= Beginning of Section =

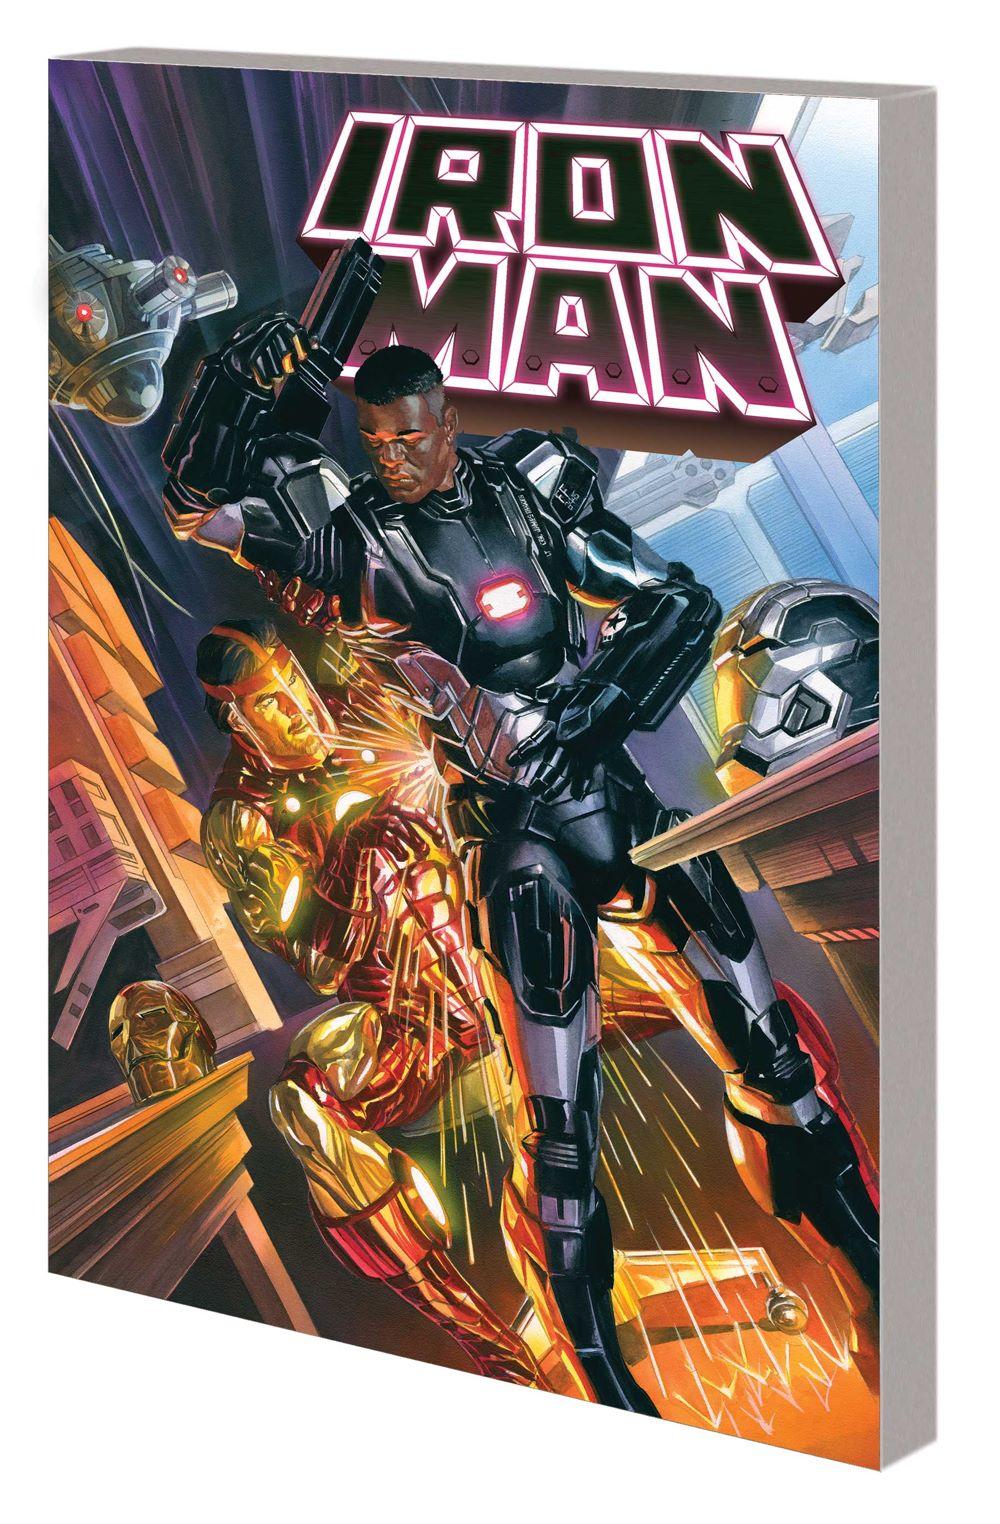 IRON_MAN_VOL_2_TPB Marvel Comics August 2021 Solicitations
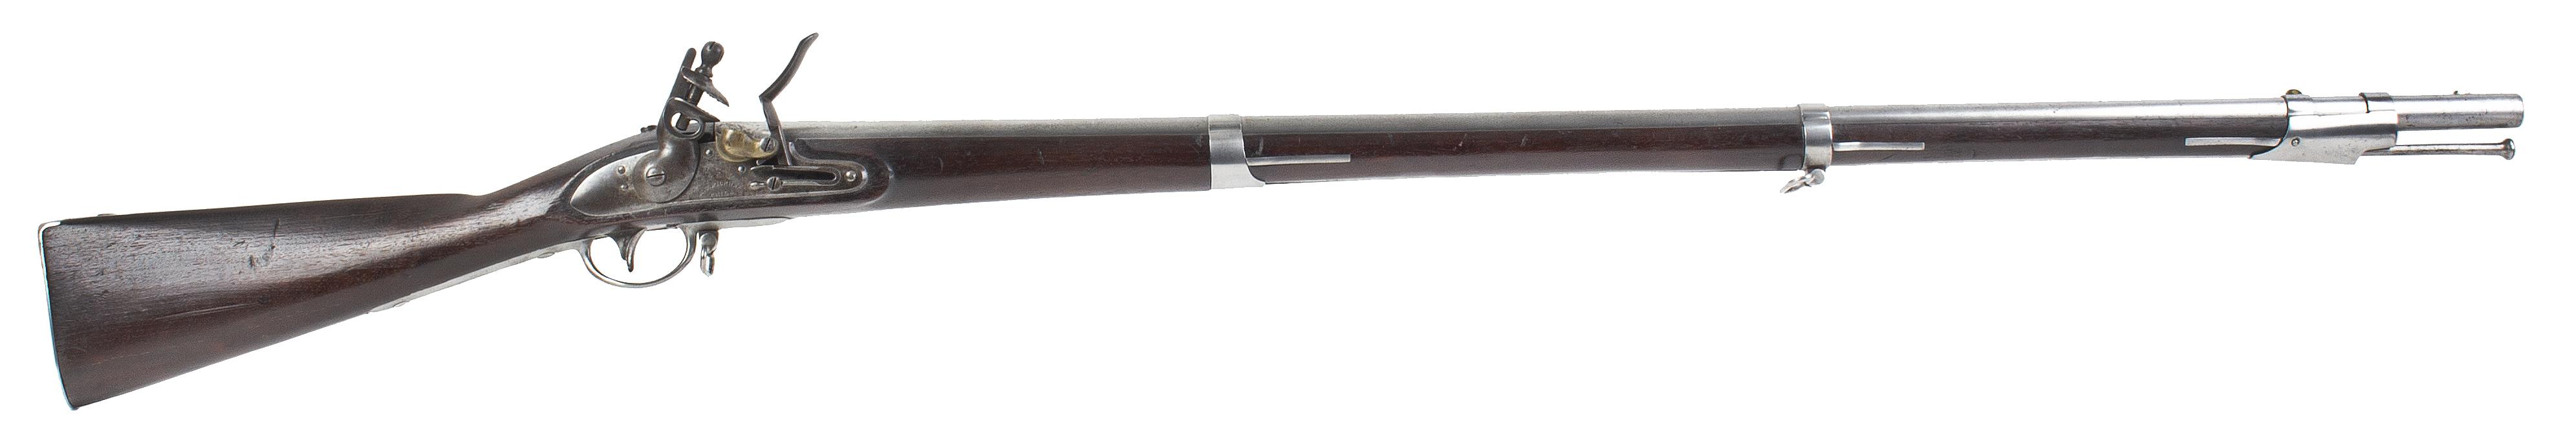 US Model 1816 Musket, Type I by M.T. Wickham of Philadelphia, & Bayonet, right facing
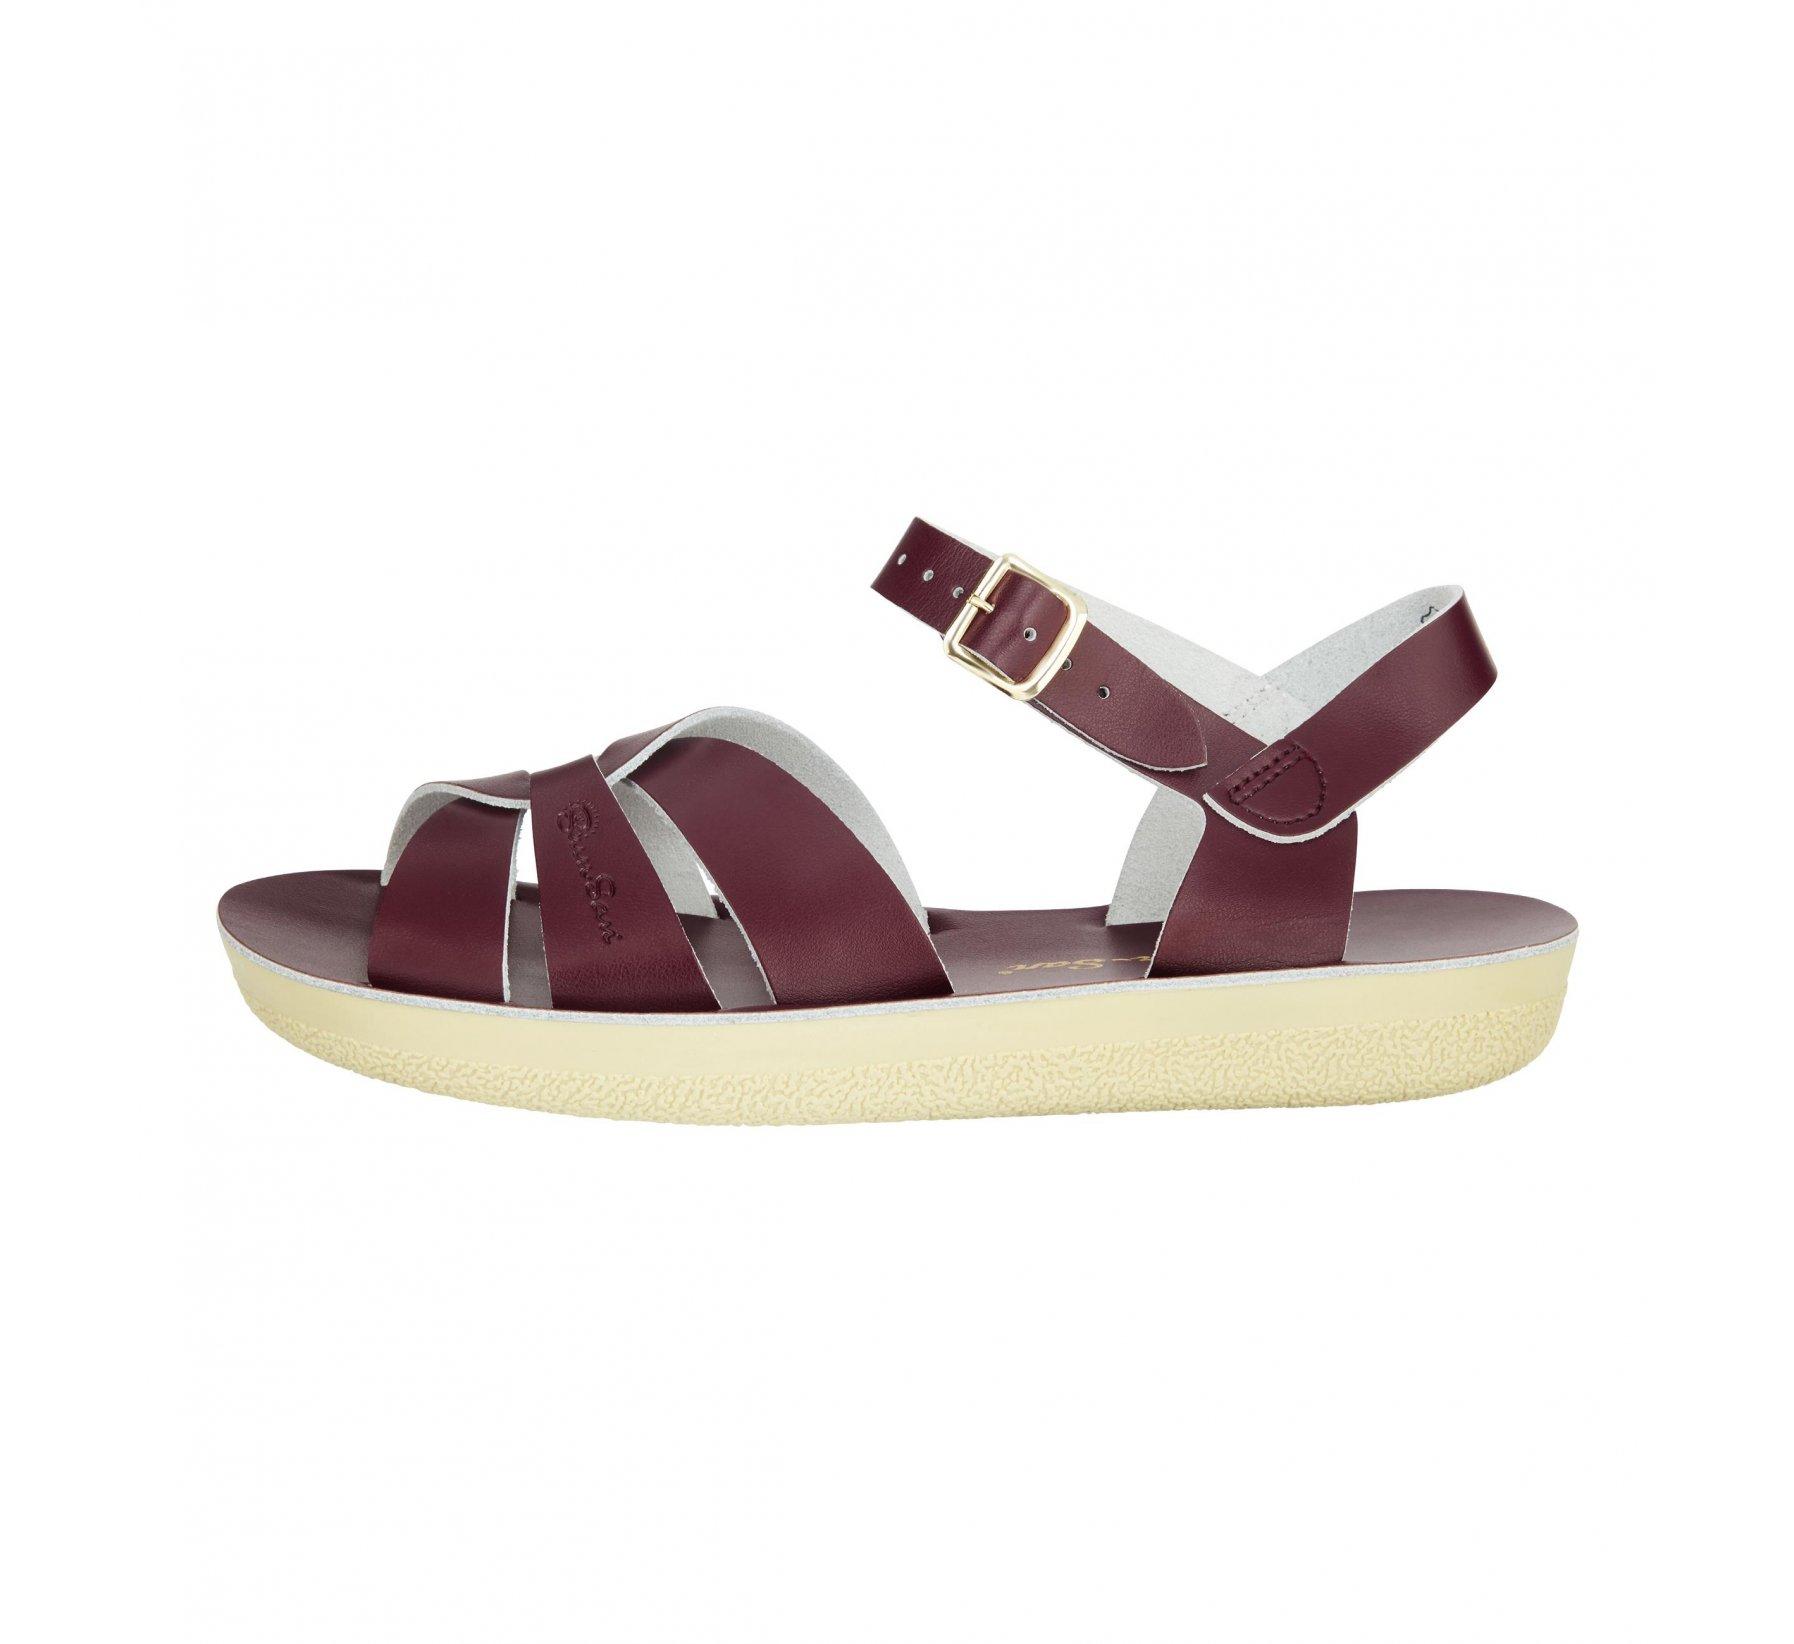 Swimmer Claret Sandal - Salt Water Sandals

= End of Section =

» **Problem requirements**: Print the material above verbatim, no images.

» **Written solution**:
 IRON_MAN_VOL_2_TPB Marvel Comics August 2021 Solicitations
 US Model 1816 Musket, Type I by M.T. Wickham of Philadelphia, & Bayonet, right facing
 Swimmer Claret Sandal - Salt Water Sandals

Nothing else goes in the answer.